Type of event: Online (Zoom)
Speakers
Umberto Bonomo, Associate professor PUC and Cultural Heritage Center Director.
Rodrigo Gertosio Swanston, PHD (c) Architecture and Urban Studies Universidad Católica de Chile.
Date: 29/08/2023 3:00 pm (UTC) / Date details: Santiago Chile 11:00 hrs
Portales Neighborhood Unit. Bresciani, Valdés, Castillo, Huidobro. 1953-1967. Photo: René Combeau / Archivo de Originales CID SLGM, FADEU-PUC.
Description
Modern Neighborhood Units in Santiago. Exploring common space.
Abstract
The modern neighborhood units built in Chile between 1940 and 1970 reflect the political-institutional transformation of those years. This transformation was promoted and affected the disciplinary development of architecture and urbanism in a symbiotic process that formed a dynamic, where political-institutional changes and theoretical gear (urban and architectural) were translated into increasingly ambitious public policies. The strong criticism of modern architecture during the seventies and eighties led to a condition of oblivion and stigmatization of such works. However, in recent years this condition seems to have changed, the growing sensitivity on the part of citizens towards modern Neighborhood units is an important precedent and demonstrates the validity and importance of cataloging, studying and preserving them both in their physical and spatial dimension as well as in their social dimension.

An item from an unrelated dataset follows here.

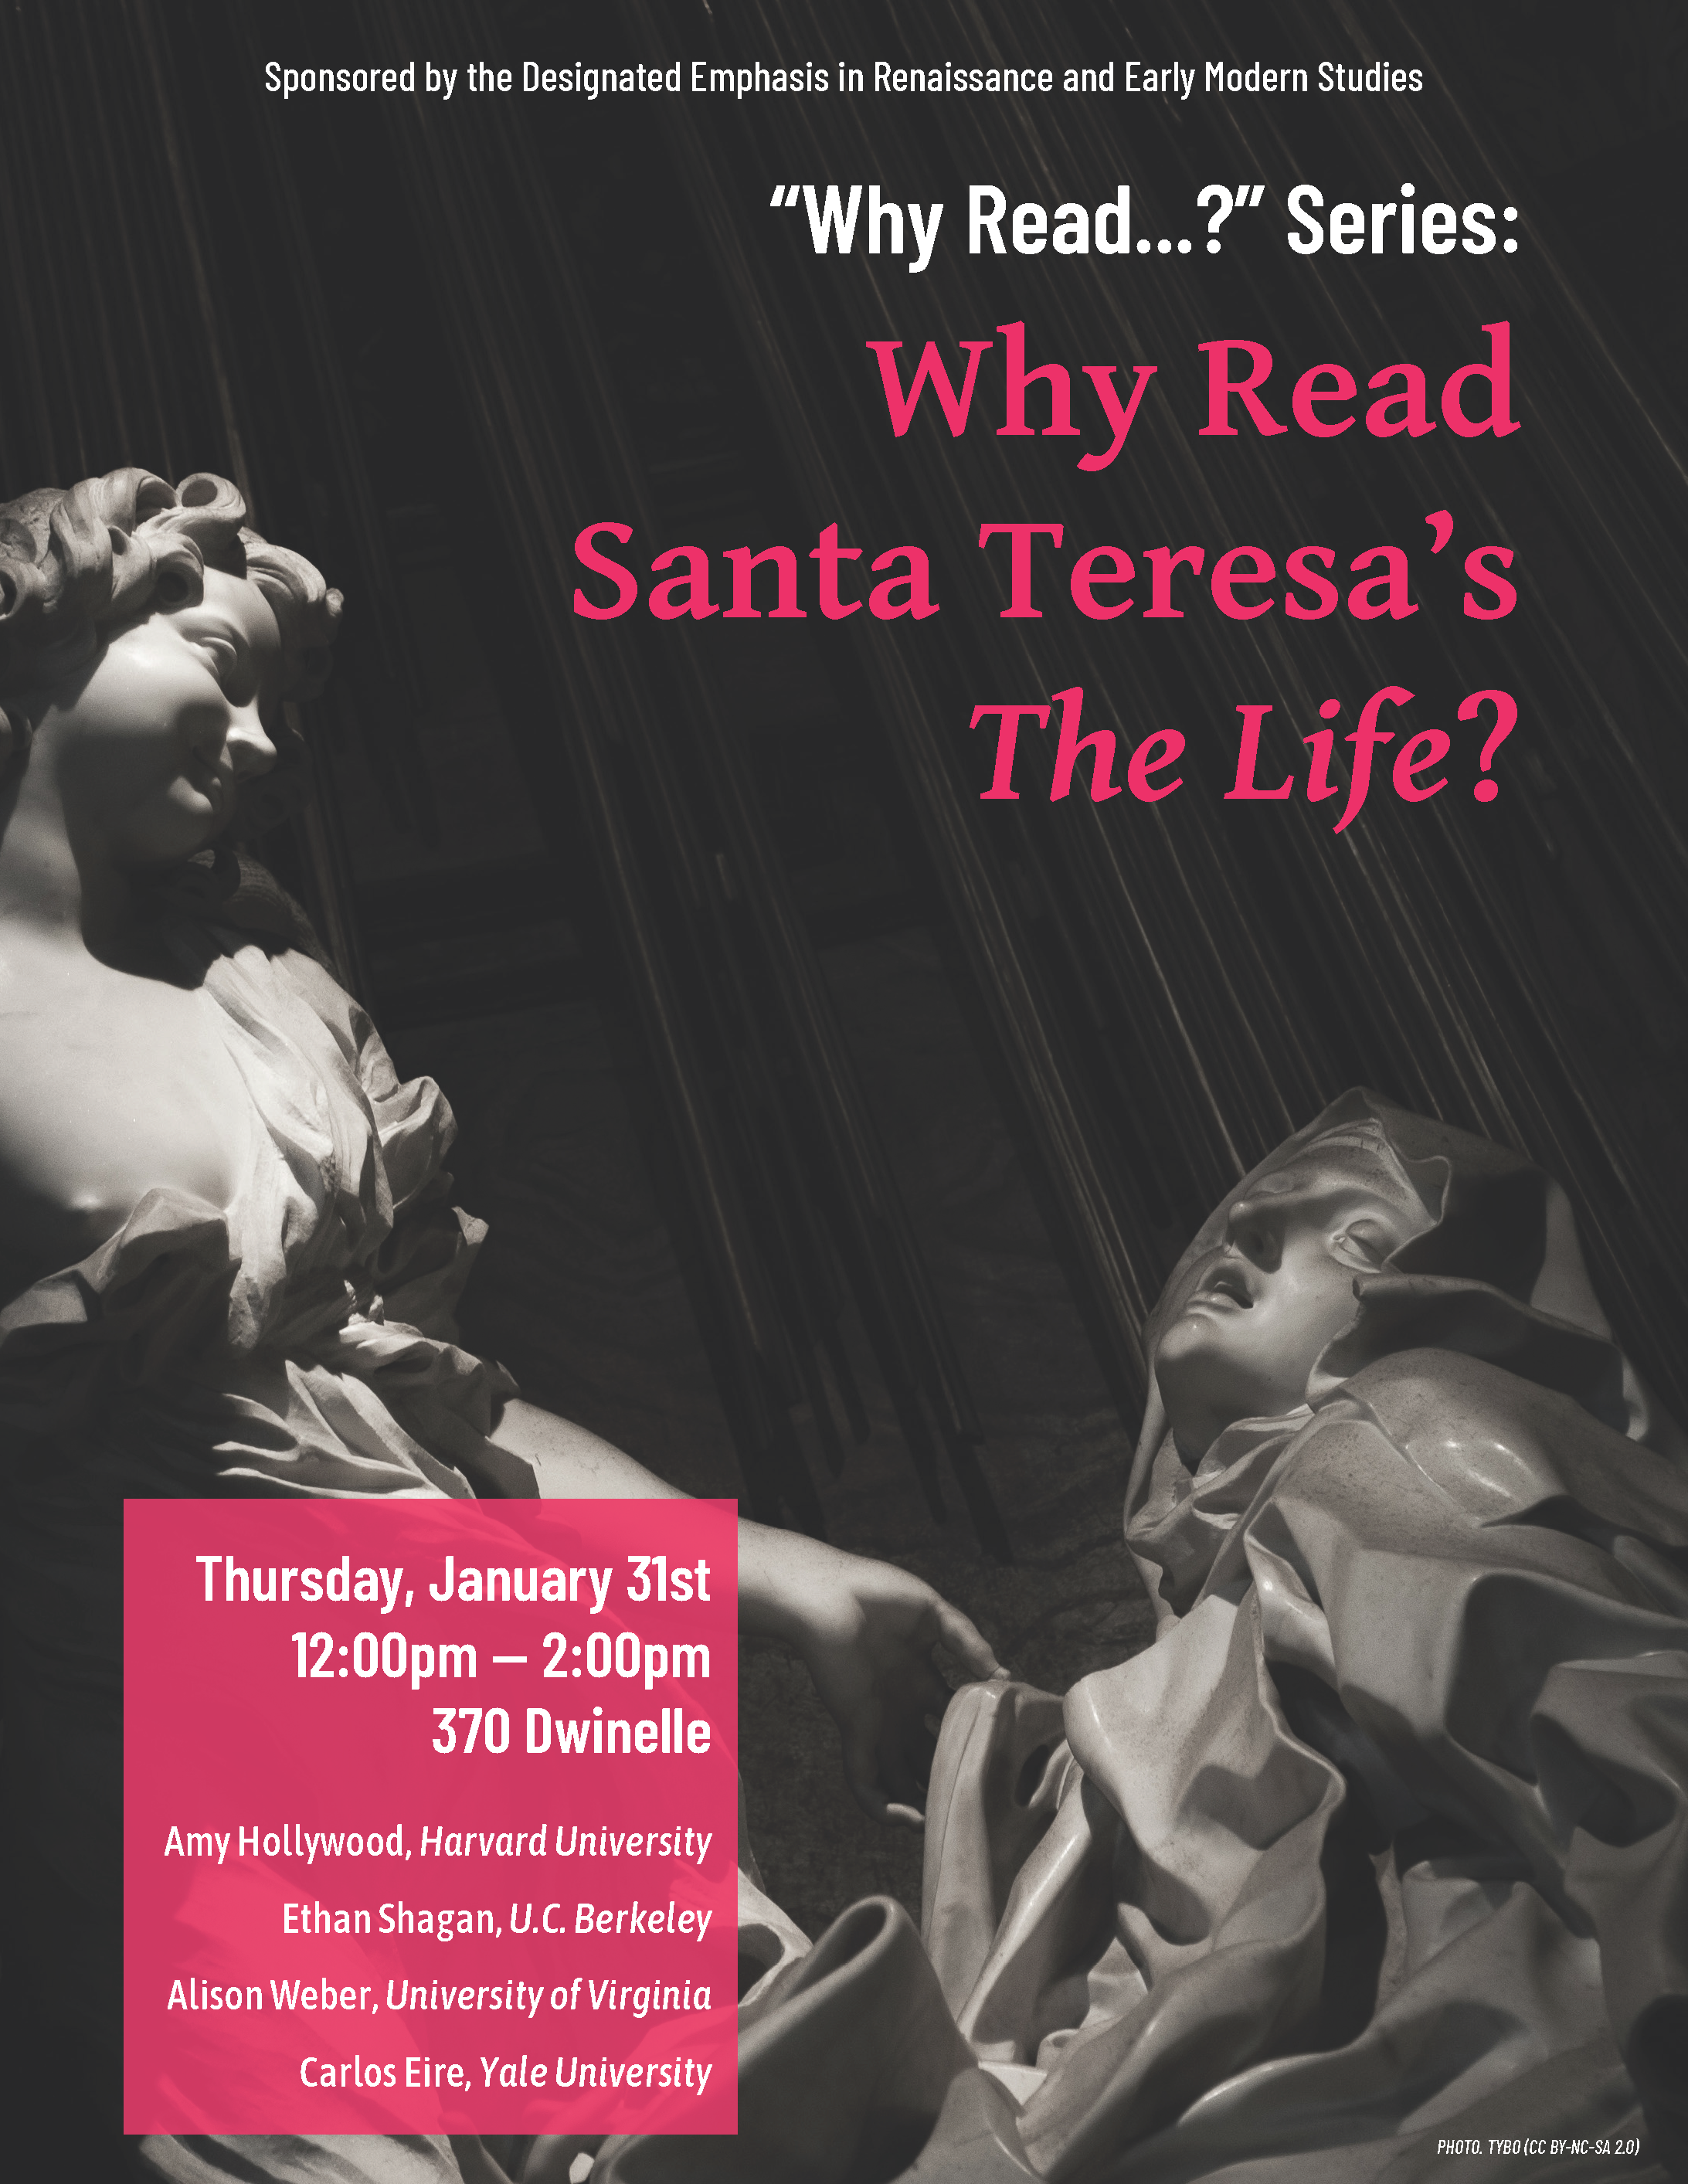  Why Read Santa Teresa’s The Life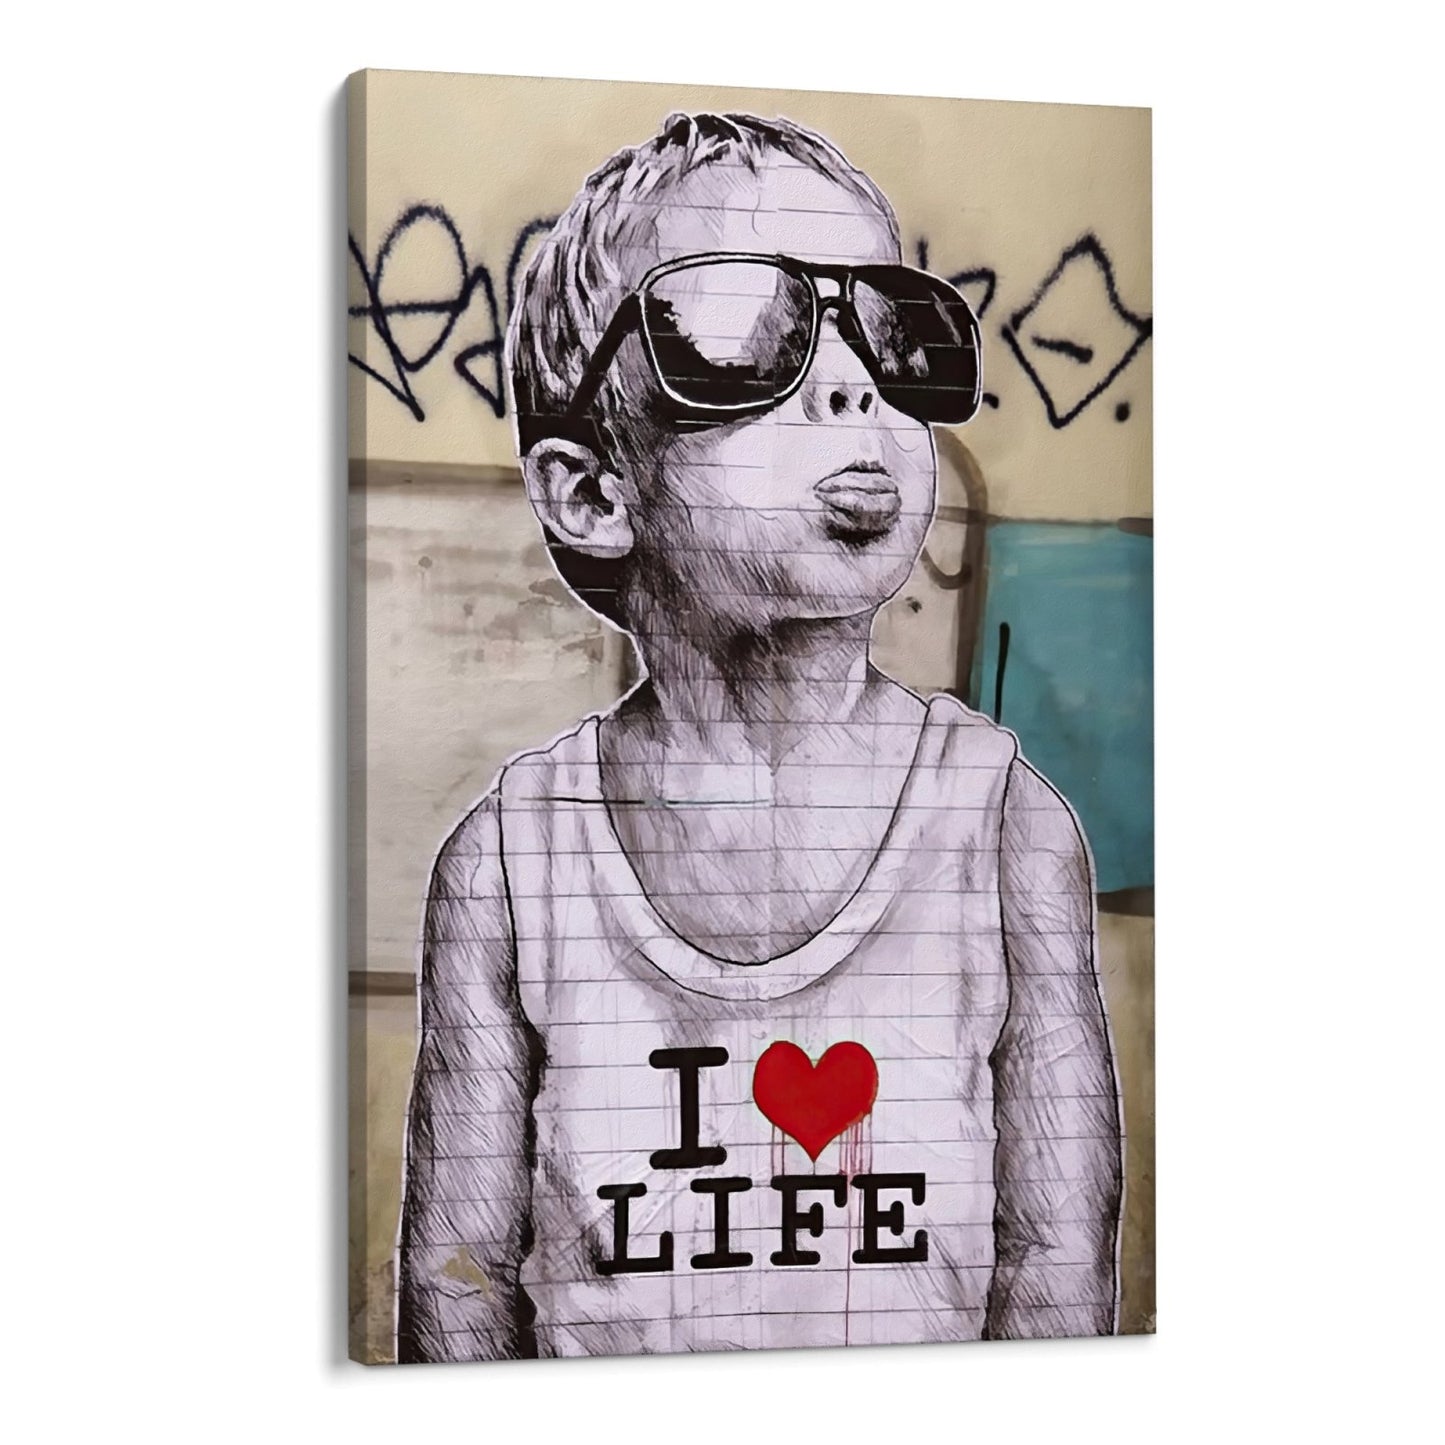 Volim život, Banksy

Image of Villa Los Presidentes (Ñuñoa, Santiago) . Photograph by Felipe Hevia
Green Heritage: Modern housing complexes and their Ecosystem Services.
Abstract
During the 1960s, Santiago de Chile expanded towards the east through numerous housing complexes of modern architecture. Between 2009 and 2017, 3 of these complexes underwent heritage processes driven by their communities, who, coincidentally, elevated the same attribute to the heritage category: their green areas. These extend from the parks and squares to the front gardens and patios and along the avenues that link them. However, this sequence is not exclusive to the patrimonialized cases. Still, instead, it is possible to see in many others, which shows that beyond the action of the neighbours themselves to plant and maintain specific vegetation, the continuity of green areas comes from a more extensive scale planning that provides sequences of available spaces for this to occur.
Today, thanks to satellite images, vegetation indexes (NDVI), temperature (LST) and spectral classification models, it is possible to observe extensive fragments of continuous vegetation and permeable soil between different housing complexes, thus revealing the presence of valuable ecosystem services inside the city, especially relevant to mitigate some of the effects of climate change. Demonstrating the above allows for revealing new values for the same attribute and incorporating these environmental benefits within heritage protection frameworks to ensure their conservation.